Until now there has been a pattern to differentiation that we have not remarked on. But you may have noticed that when we differentiate a function we usually get back another function of the same type. That is,
-
The derivative of a polynomial is another polynomial,
-
The derivative of a quotient of polynomials is another quotient of polynomials,
-
The derivative of a trigonometric function is another trigonometric function.
The inverse trigonometric functions break this pattern. The derivative of an inverse trigonometric function is not another inverse trigonometric function. Nor is it a trigonometric function, a polynomial, or (except for the inverse tangent and cotangent) a quotient of polynomials.
Do you suppose there is any significance to this?
The inverse trigonometric functions will not have a significant role in our story for a while. However they will be very useful in some topics that will come up next semester. We’ve introduced them here simply because it makes sense to develop all of the differentiation rules at more or less the same time.
We now have differentiation formulas for all of the inverse trigonometric functions. These, along with the constraints on their ranges are given in the table below. Memorize them! You will need them.
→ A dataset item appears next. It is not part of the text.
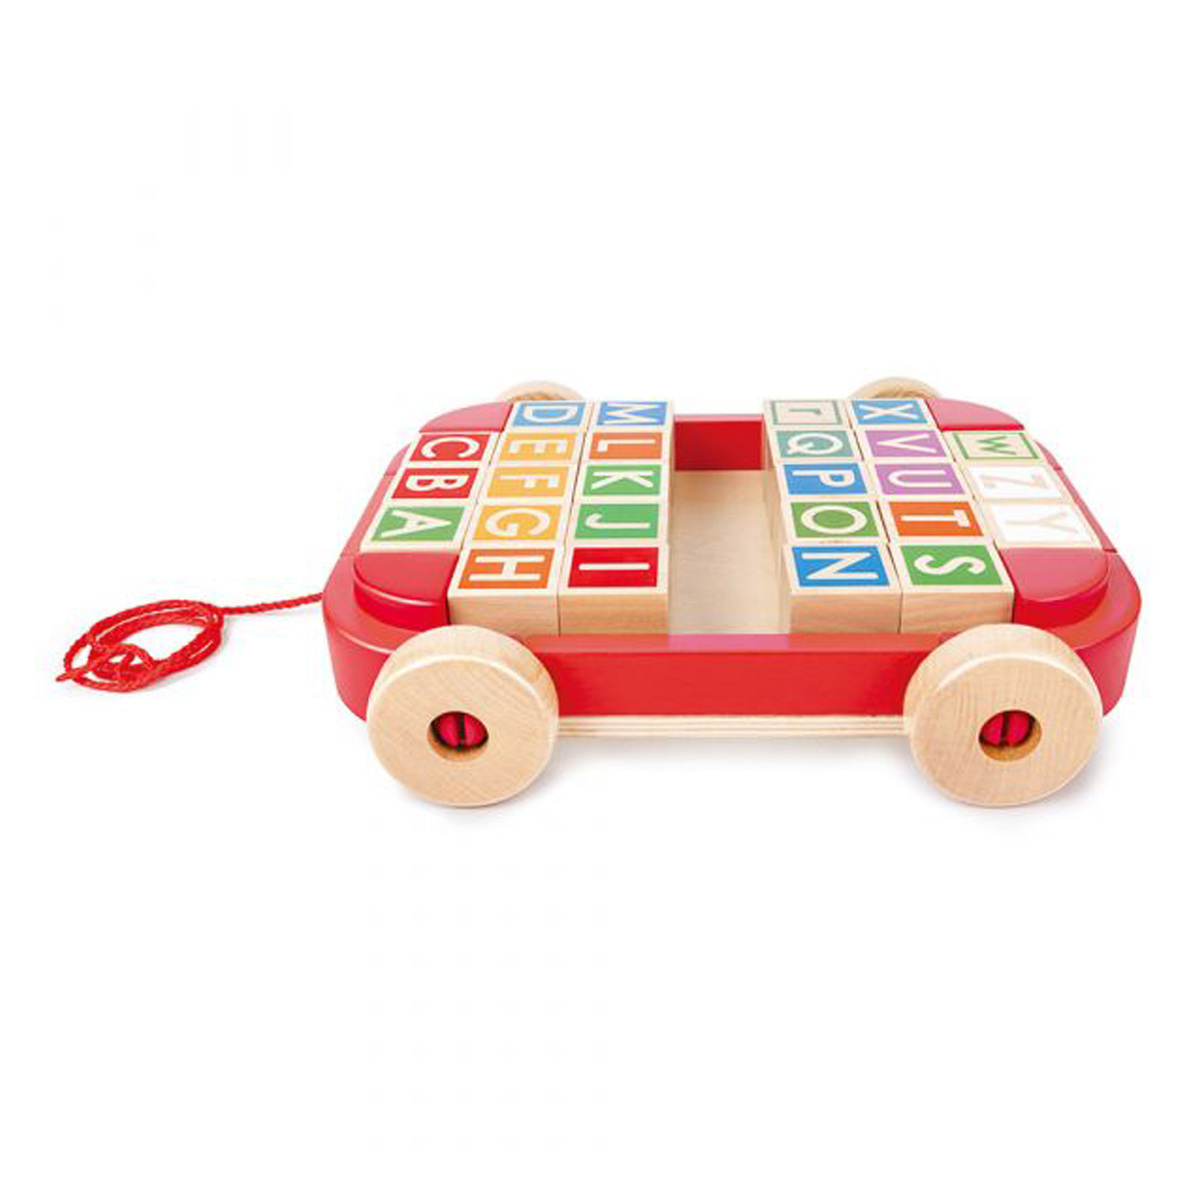 هيب مجموعة عربة قابلة للسحب مع مكعب تكديس للأطفال، E0487

| Function | Domain | Range | Derivative |
| \(\inverse\tan(x)\) | All real numbers | \(-\frac{\pi}{2}\le y\le\frac{\pi}{2}\) | \(\displaystyle\frac{1}{1+x^2}\) |
| \(\inverse\cot(x)\) | All real numbers | \(-\frac{\pi}{2}\le y\le\frac{\pi}{2}\) | \(\displaystyle\frac{-1}{1+x^2}\) |
| \(\inverse\sin(x)\) | \(-1\le x\le 1\) | \(-\frac{\pi}{2}\le y\le\frac{\pi}{2}\) | \(\displaystyle\frac{1}{\sqrt{1-x^2}}\) |
| \(\inverse\cos(x)\) | \(-1\le x\le 1\) | \(0\le y\le\pi\) | \(\displaystyle\frac{-1}{\sqrt{1-x^2}}\) |
| \(\inverse\sec(x)\) | \(x\le-1\) and \(x\ge1 \) | \(0\le y\lt \frac{\pi}{2}\) and \(\frac{\pi}{2} \lt y \lt\pi\) | \(\displaystyle\frac{1}{\abs{x}\sqrt{x^2-1}}\) |
| \(\inverse\csc(x) \) | \(x\le-1\) and \(x\ge1 \) | \(-\frac{\pi}{2} \le y \lt0\) and \(0\lt y\le \frac{\pi}{2}\) | \(\displaystyle\frac{-1}{\abs{x}\sqrt{x^2-1}}\) |
Drill 6.7.13.
Compute each of the following:
-
\(\displaystyle \dx\left(\inverse\sin(x^{1/2})\right)\)
-
\(\displaystyle \dx\left(\inverse\tan(x^{1/2})\right)\)
-
\(\displaystyle \dx\left(\inverse\sec(x^{1/2})\right)\)
-
\(\displaystyle \dx\left( \left( \inverse\sin(x) \right)^{-1}\right)\)
-
\(\displaystyle \dx\left( \left( \inverse\tan(x) \right)^{-1}\right)\)
-
\(\displaystyle \dx\left( \left( \inverse\sec(x) \right)^{-1}\right)\)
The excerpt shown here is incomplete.